Esther Kaplan, a leader of Jews for Racial and Economic Justice in New York, will lead a workshop on the convergence of left- and right-wing anti-Semitism. “When you go to an antiwar march or a march for Palestinian rights, chances are you’re going to see some signs that are inappropriate,” she said: a swastika in the center of an Israeli flag, for example. “In a gathering of more than 250 people, you’re going to see some nuts in the room.”

But, Kaplan said, she was more troubled by “an emboldened and empowered Christian Right that wants to make this into a Christian nation,” creating “an important moment for Jews in this country.”

“The Jewish Left has been disengaged. It is totally silent. Why is that? Why haven’t policies that result in Jews being marginalized, fired, forcibly proselytized, popped up on our radar?” asked Kaplan. “There is something going on in there where the welfare of Jews is being neglected.”

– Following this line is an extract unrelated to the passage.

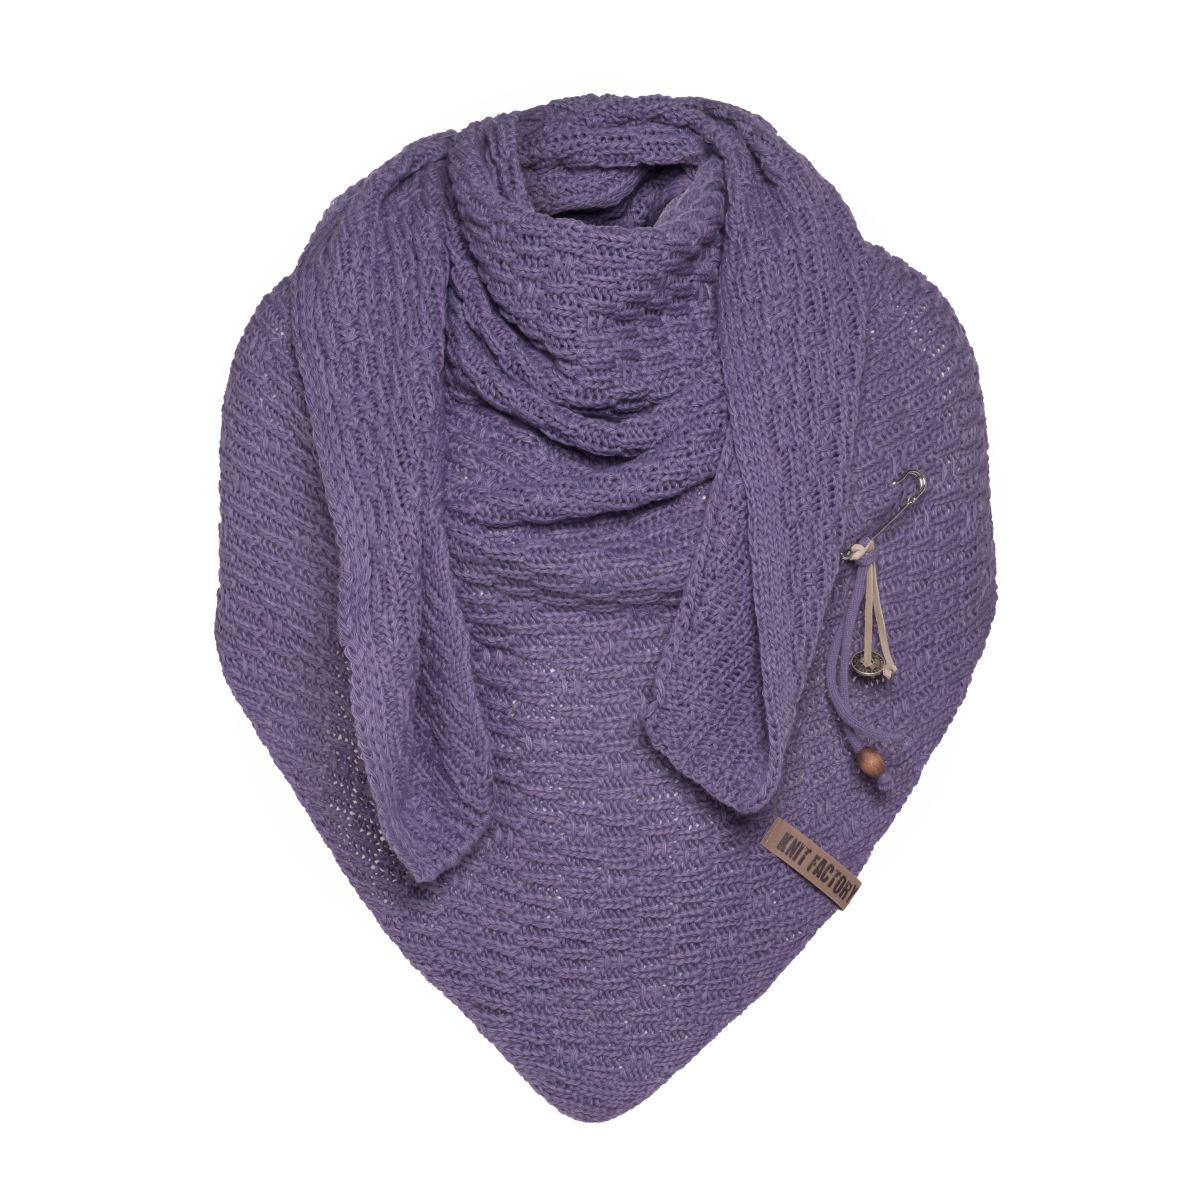 jaida omslagdoek violet

Although the conference begins at noon on Saturday, March 25, Andreas said the planners “are making it as accessible as we can to people who are traditionally observant.” Sabbath-observant participants will be able to check in before sunset on March 24, and a dedicated “Shabbat elevator” will be programmed to stop at every floor of the hotel. There is also a Havdala service on Saturday evening prior to the opening panel.